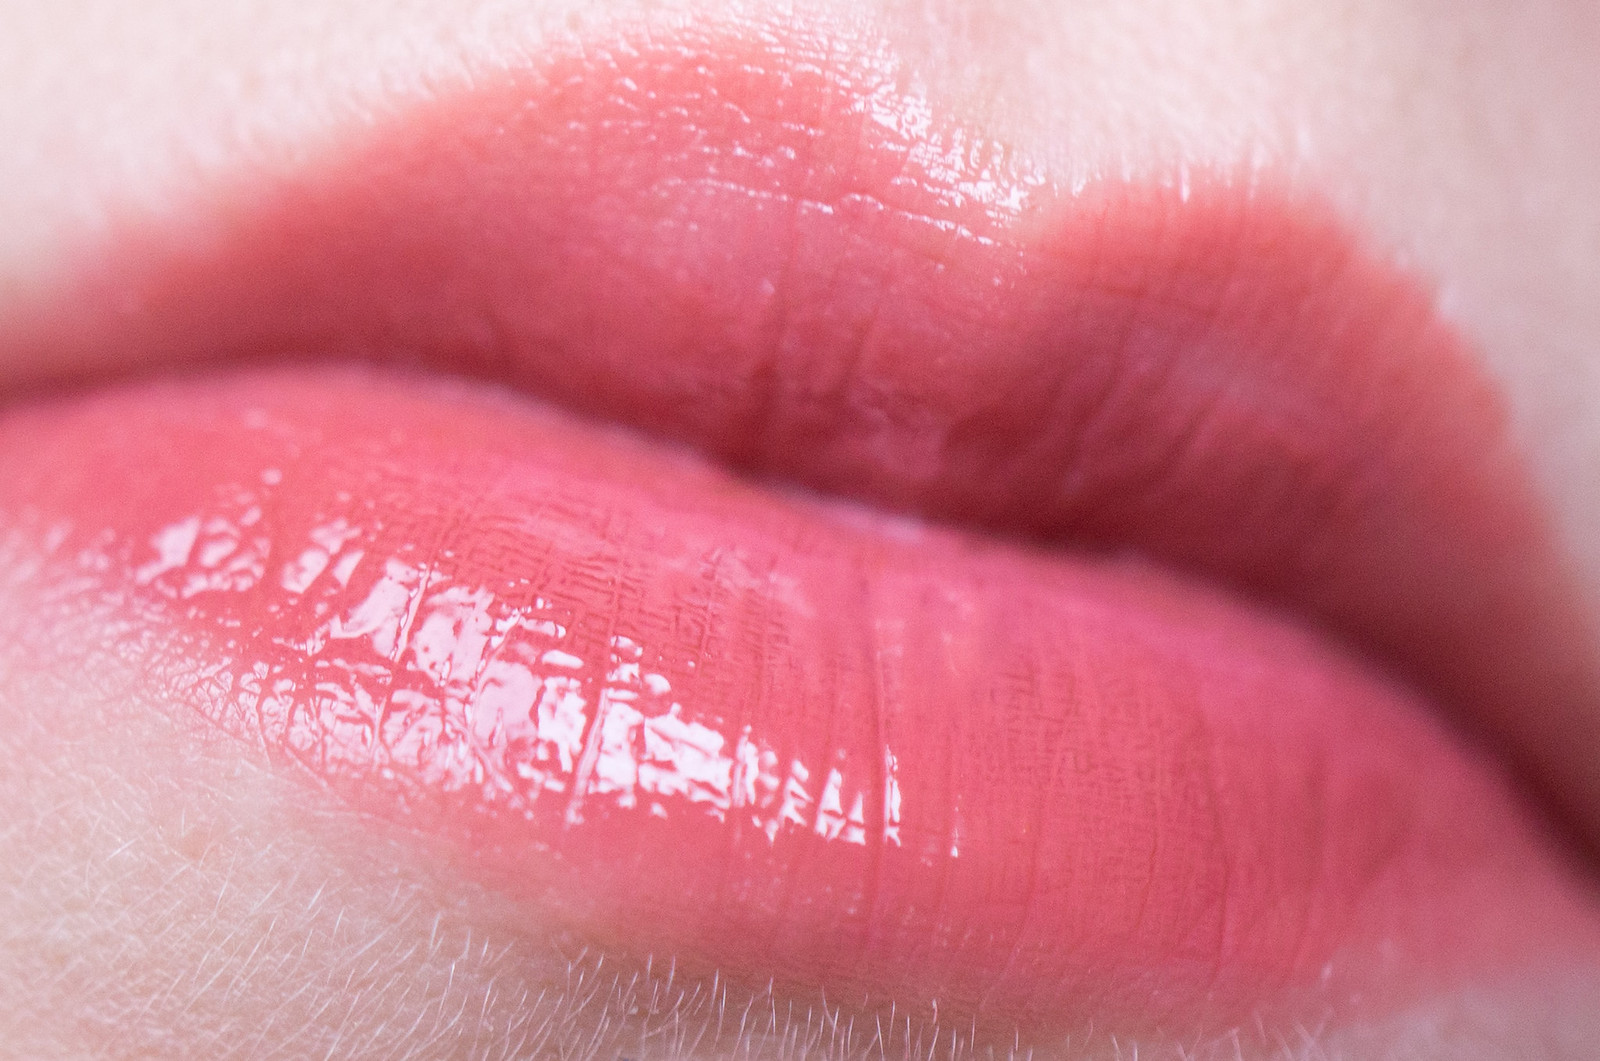 Romanovamakeup Sexy Gloss Tint Nude #Dolce Vita
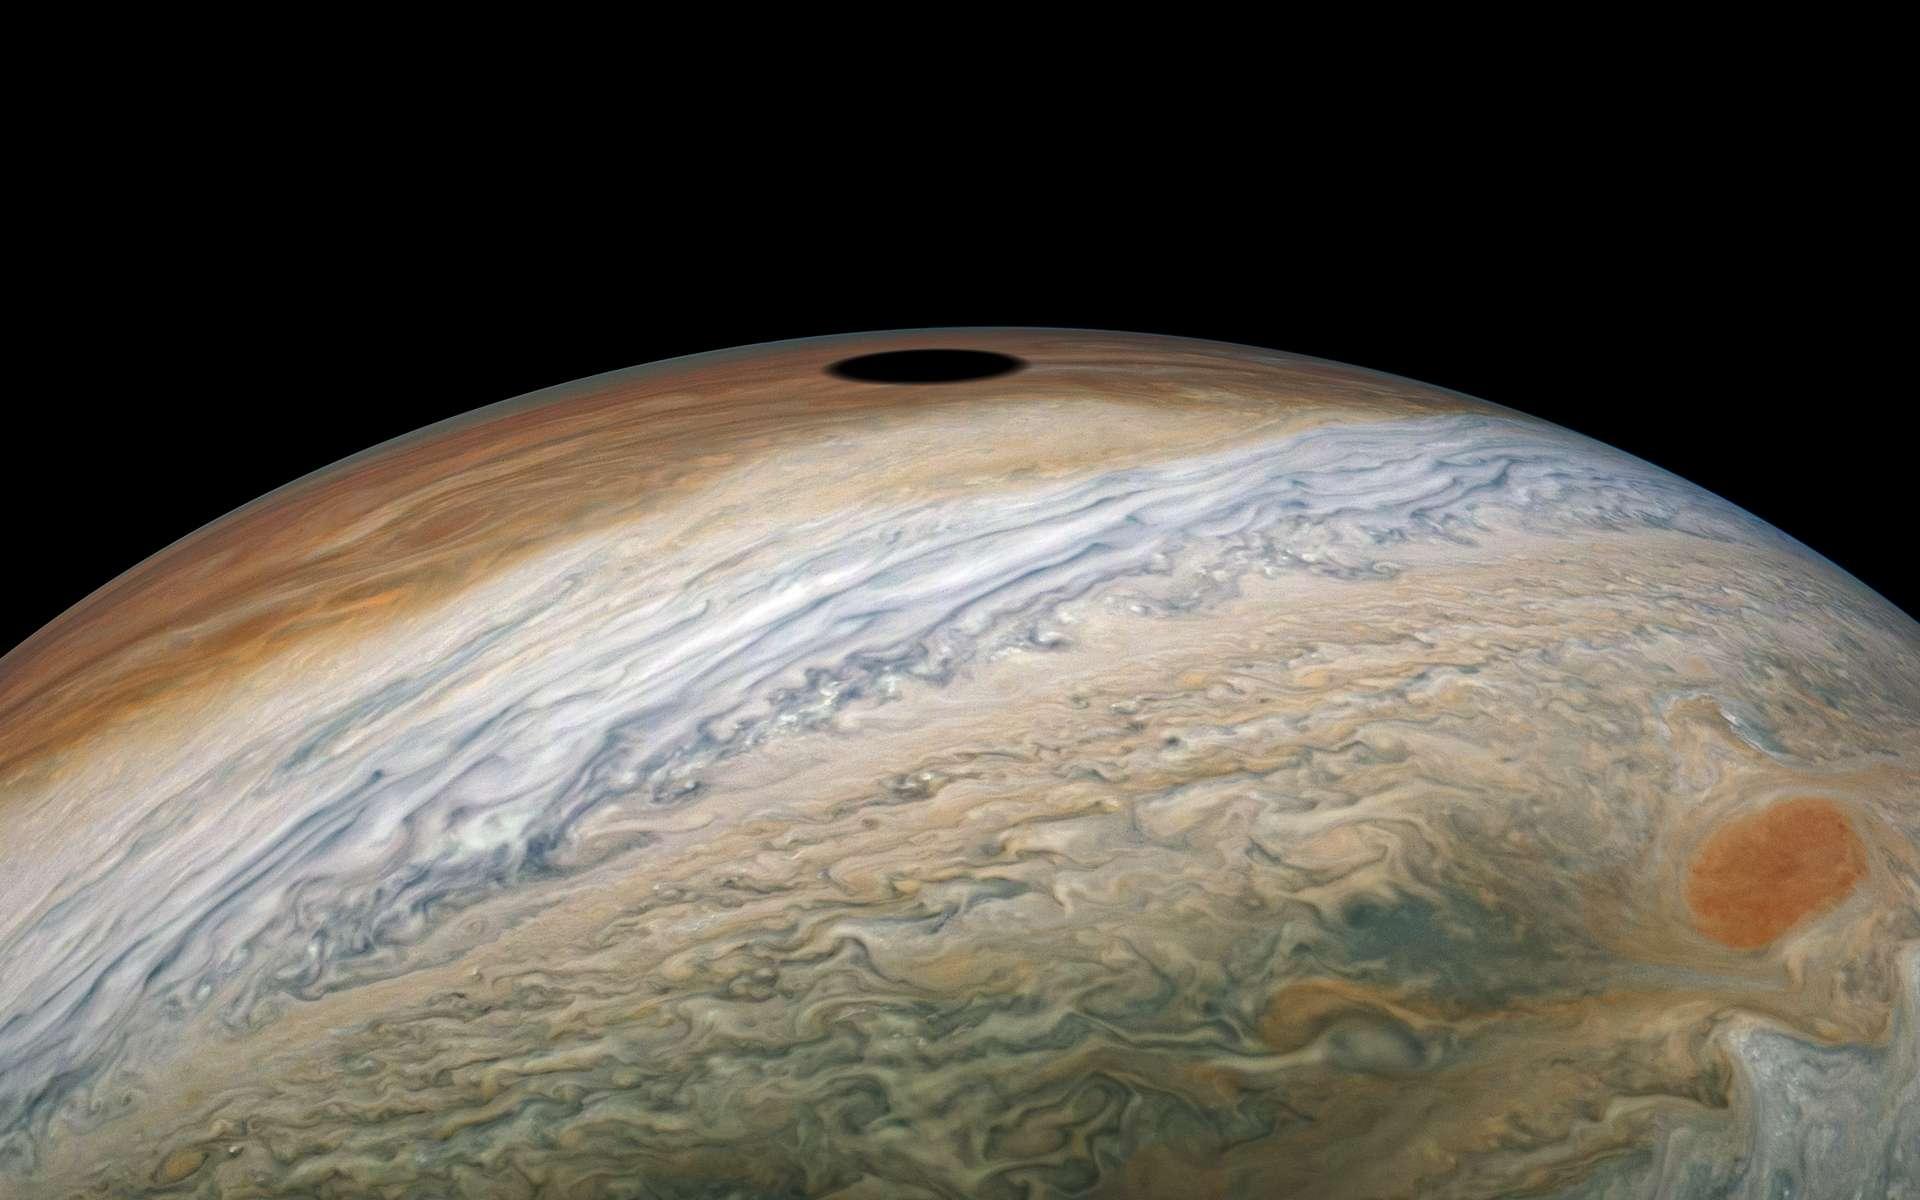 https://www.futura-sciences.com/sciences/breves/jupiter-magnifique-eclipse-soleil-jupiter-epiee-juno-1197/#xtor=RSS-8
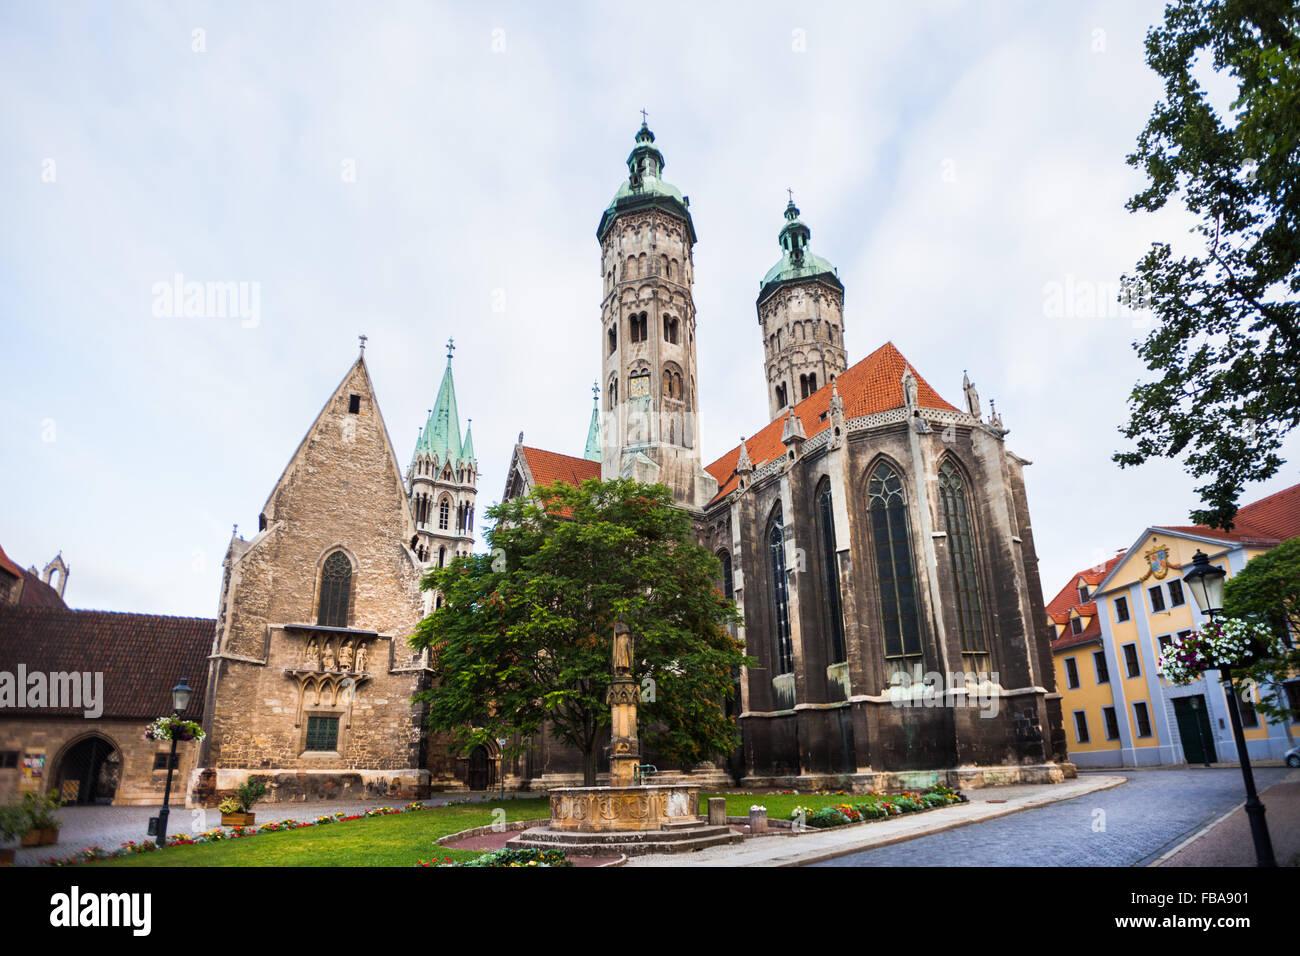 Naumburger Dom (Naumburg Cathedral), Naumburg an der Saale, Germany Stock Photo
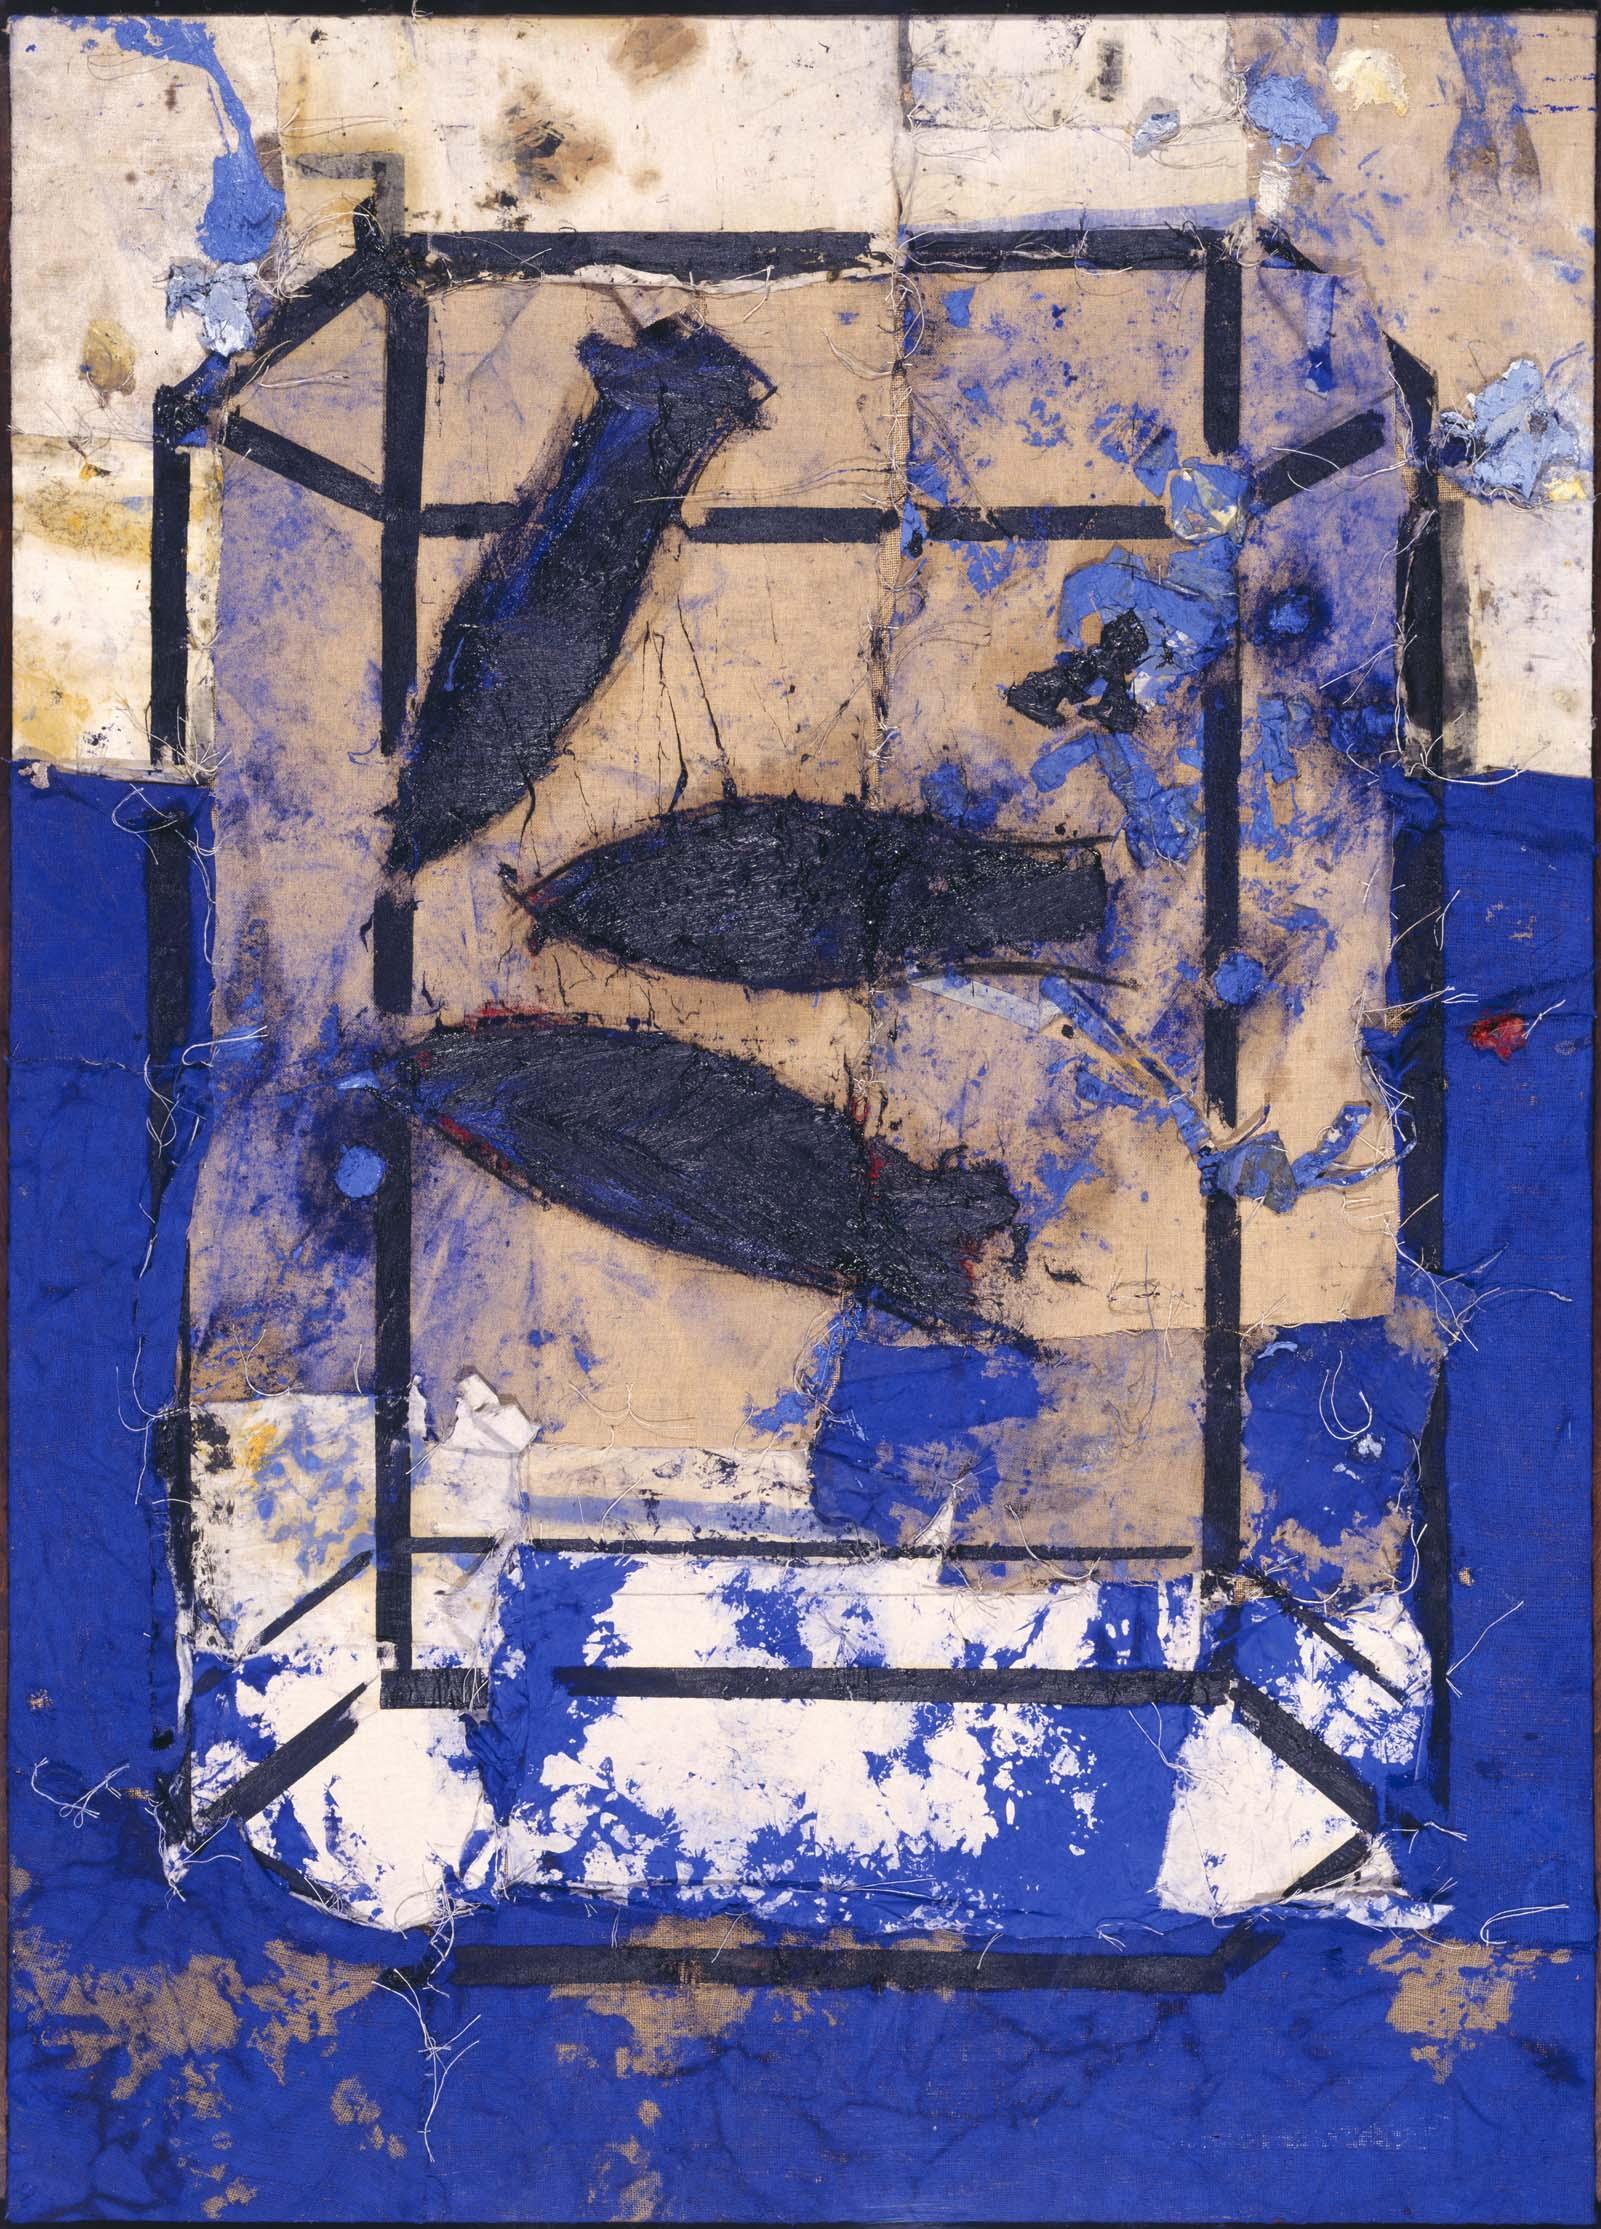 Pintura: Manolo Valdes
===
** REQUIREMENT **
Output the listing above exactly as it stands; no picture should appear.

** EXERCISE OUTPUT **
 Romanovamakeup Sexy Gloss Tint Nude #Dolce Vita
 https://www.futura-sciences.com/sciences/breves/jupiter-magnifique-eclipse-soleil-jupiter-epiee-juno-1197/#xtor=RSS-8
 Naumburger Dom (Naumburg Cathedral), Naumburg an der Saale, Germany Stock Photo
 Pintura: Manolo Valdes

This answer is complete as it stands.